[[ Given data, beginning ]]
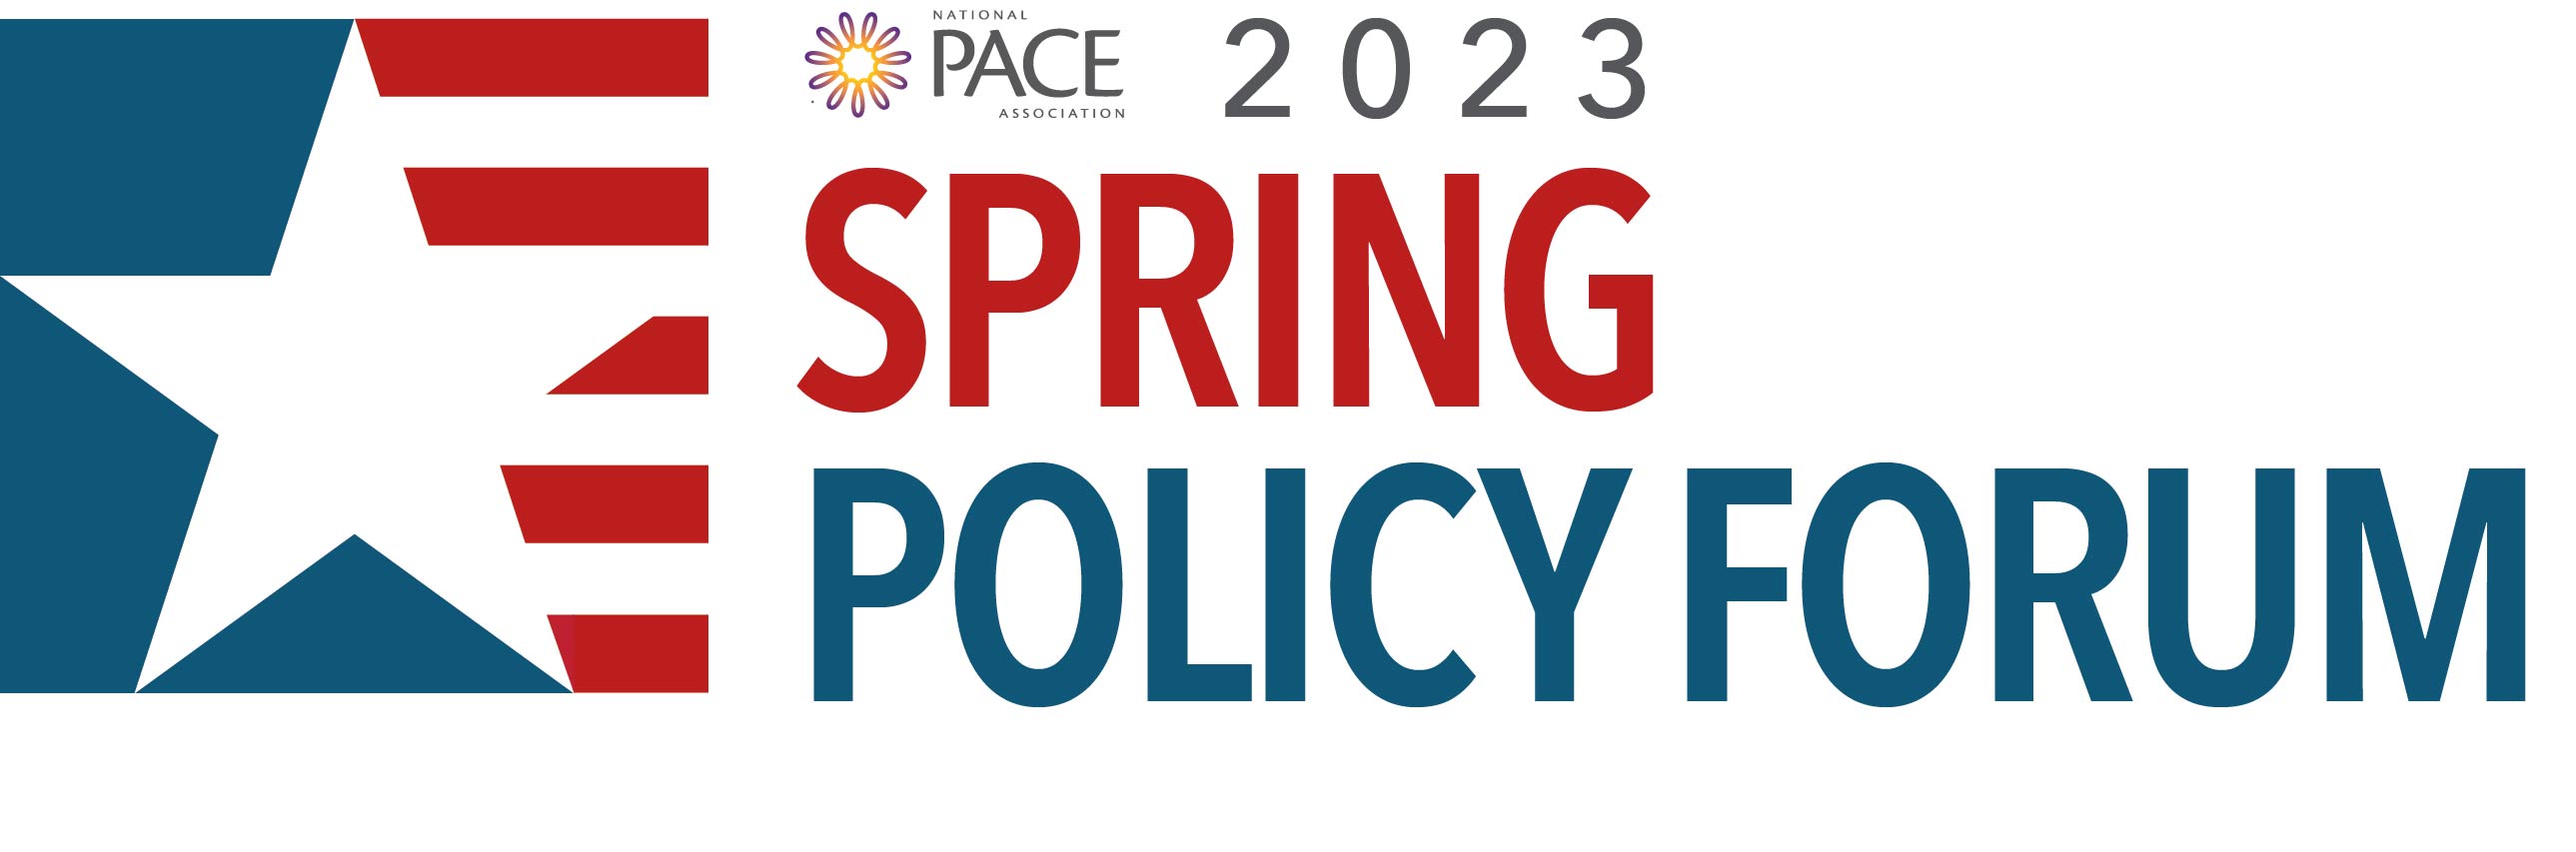 2023 Spring Policy Forum
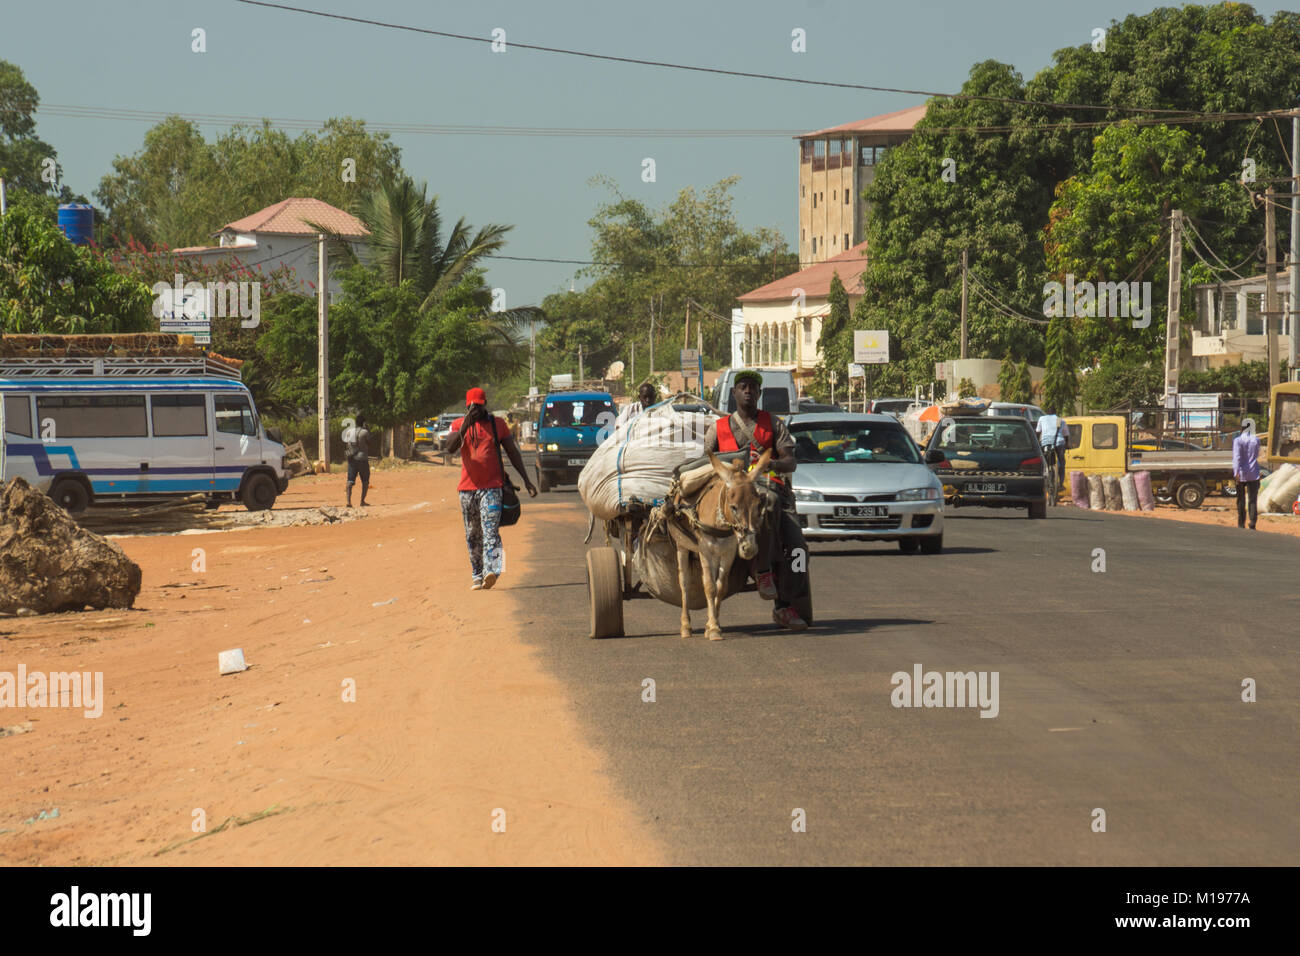 An african male rides a donkey and cart on a street in Senegambia, Gambia, Africa Stock Photo
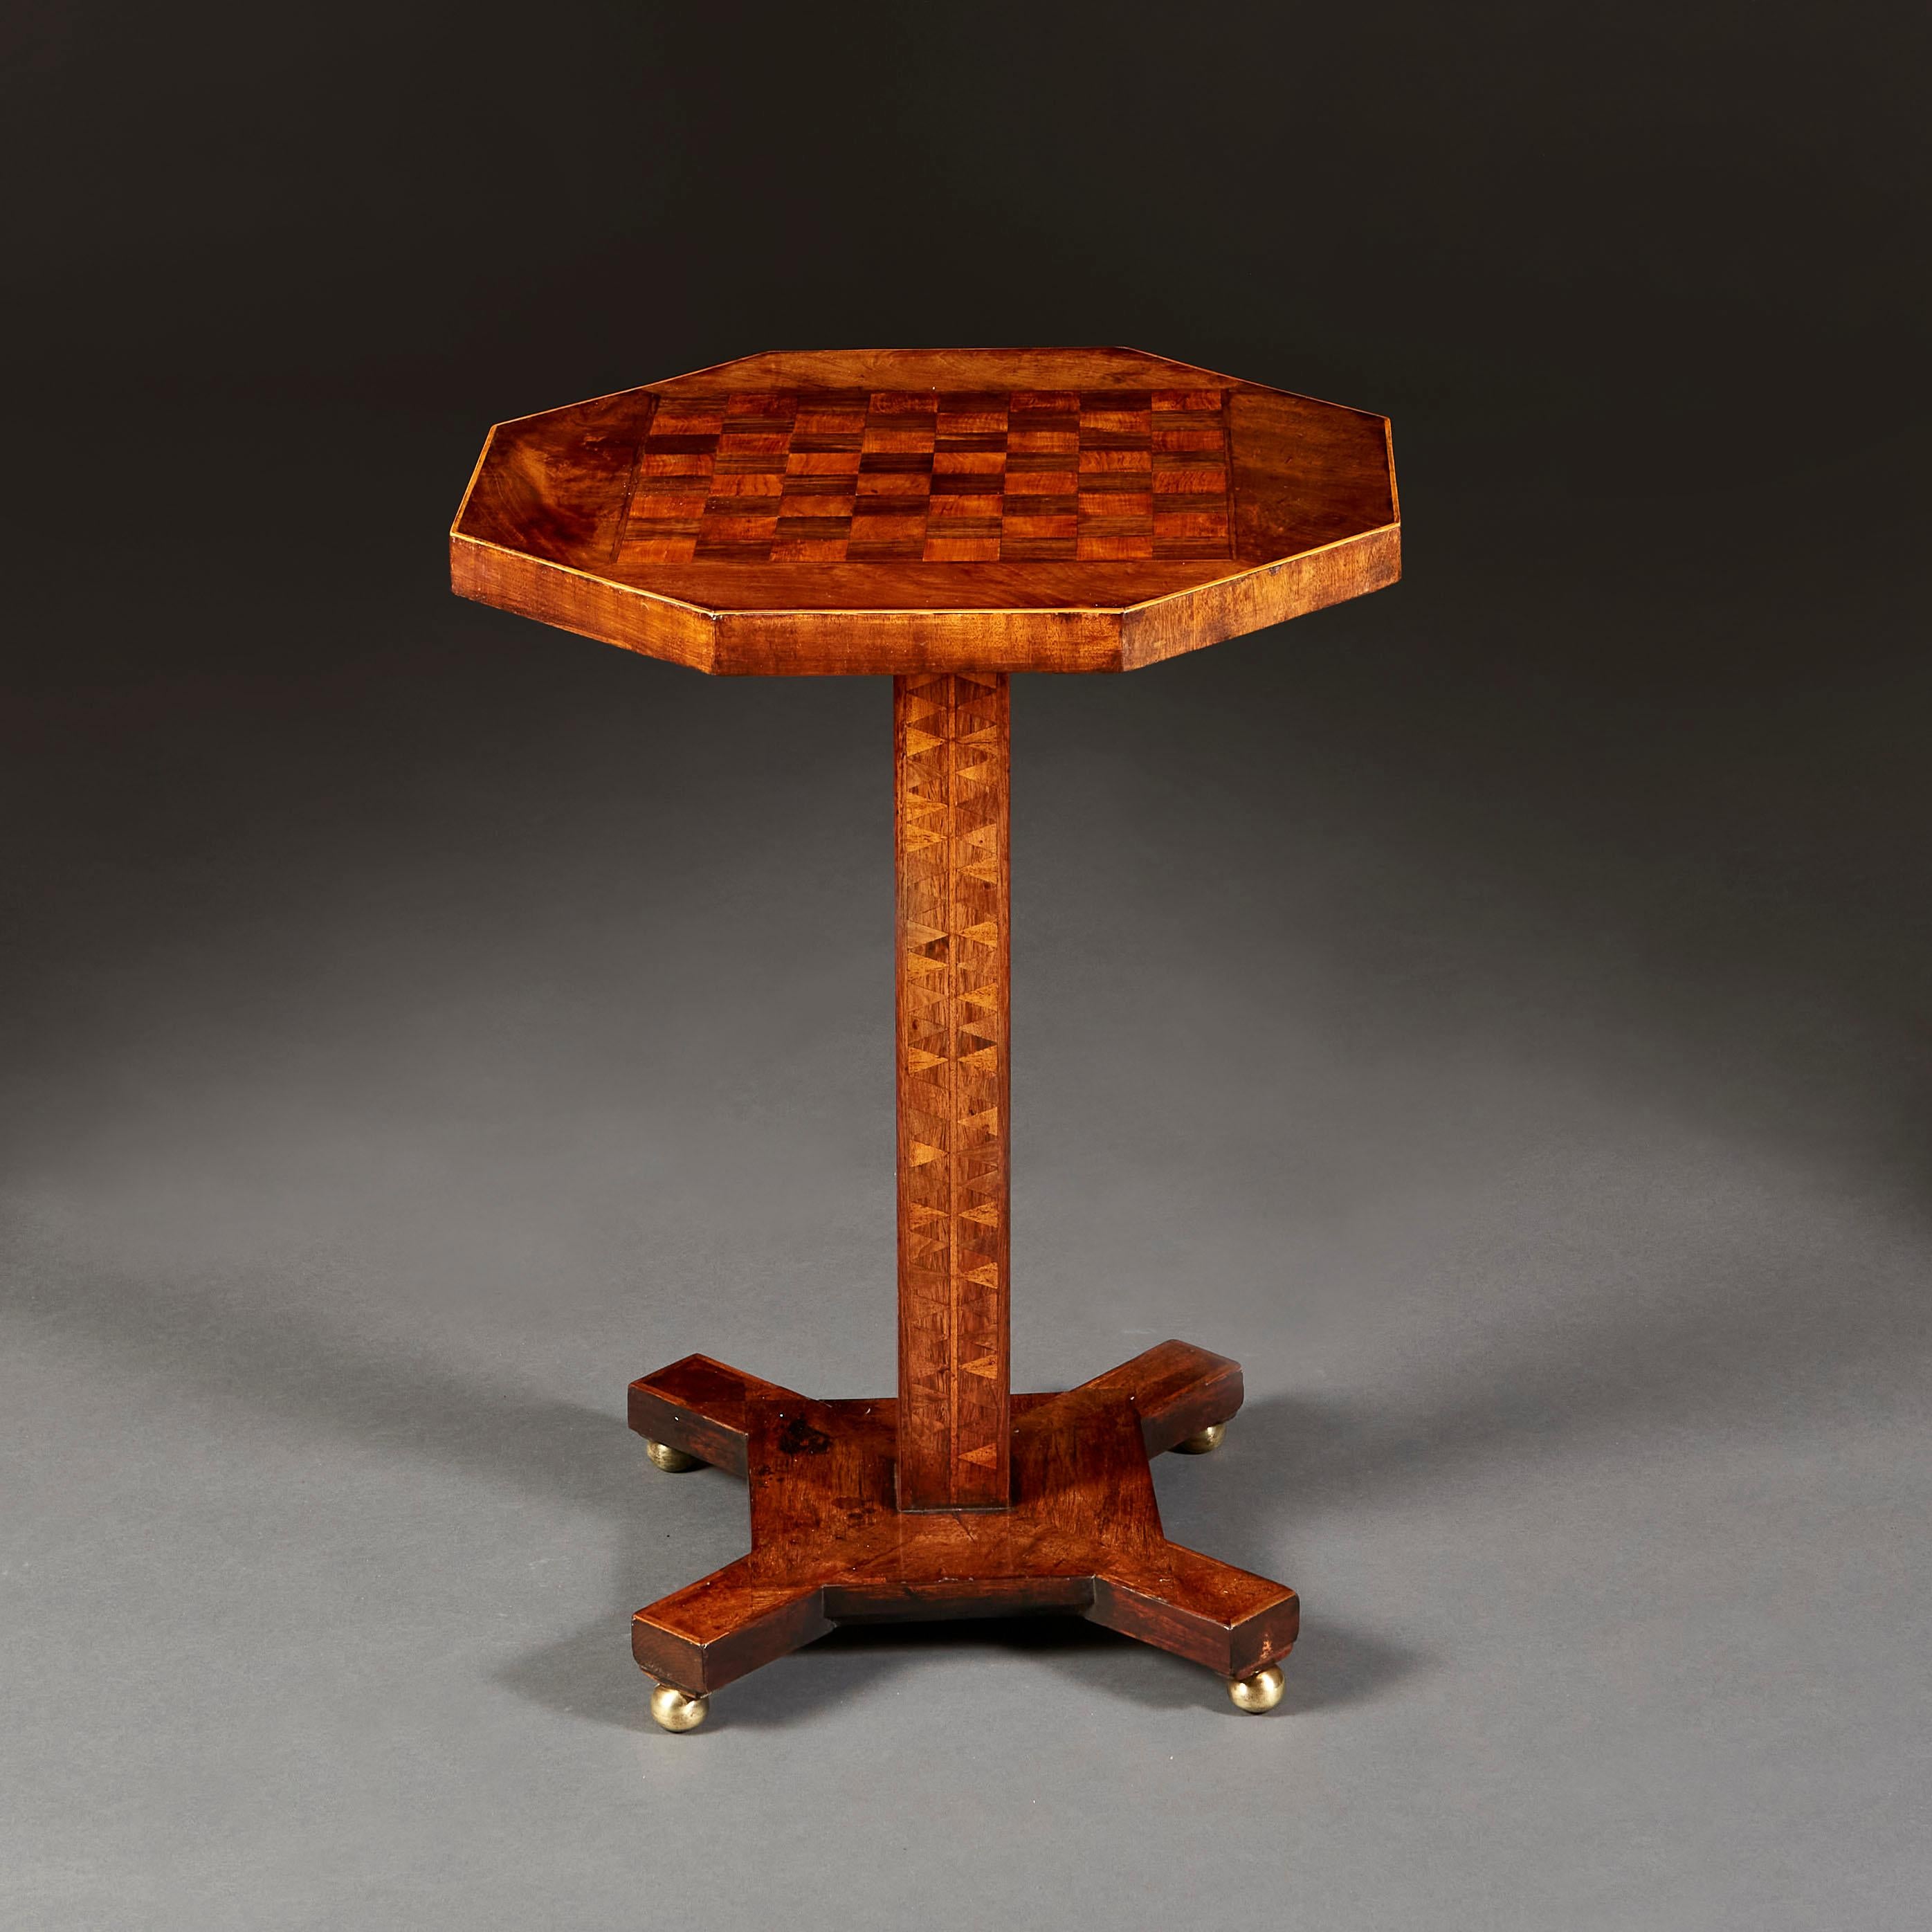 A fine Regency mahogany and fruitwood occasional table with octagonal top with inlaid chessboard, the pedestal with chevron marquetry throughout, all supported on a quadruped base with brass bun feet.
[[ Given data, end ]]
**What to do**: Once the pictures are set aside, give every line above again without alteration.

**Solution**:
 2023 Spring Policy Forum
 An african male rides a donkey and cart on a street in Senegambia, Gambia, Africa Stock Photo
 A fine Regency mahogany and fruitwood occasional table with octagonal top with inlaid chessboard, the pedestal with chevron marquetry throughout, all supported on a quadruped base with brass bun feet.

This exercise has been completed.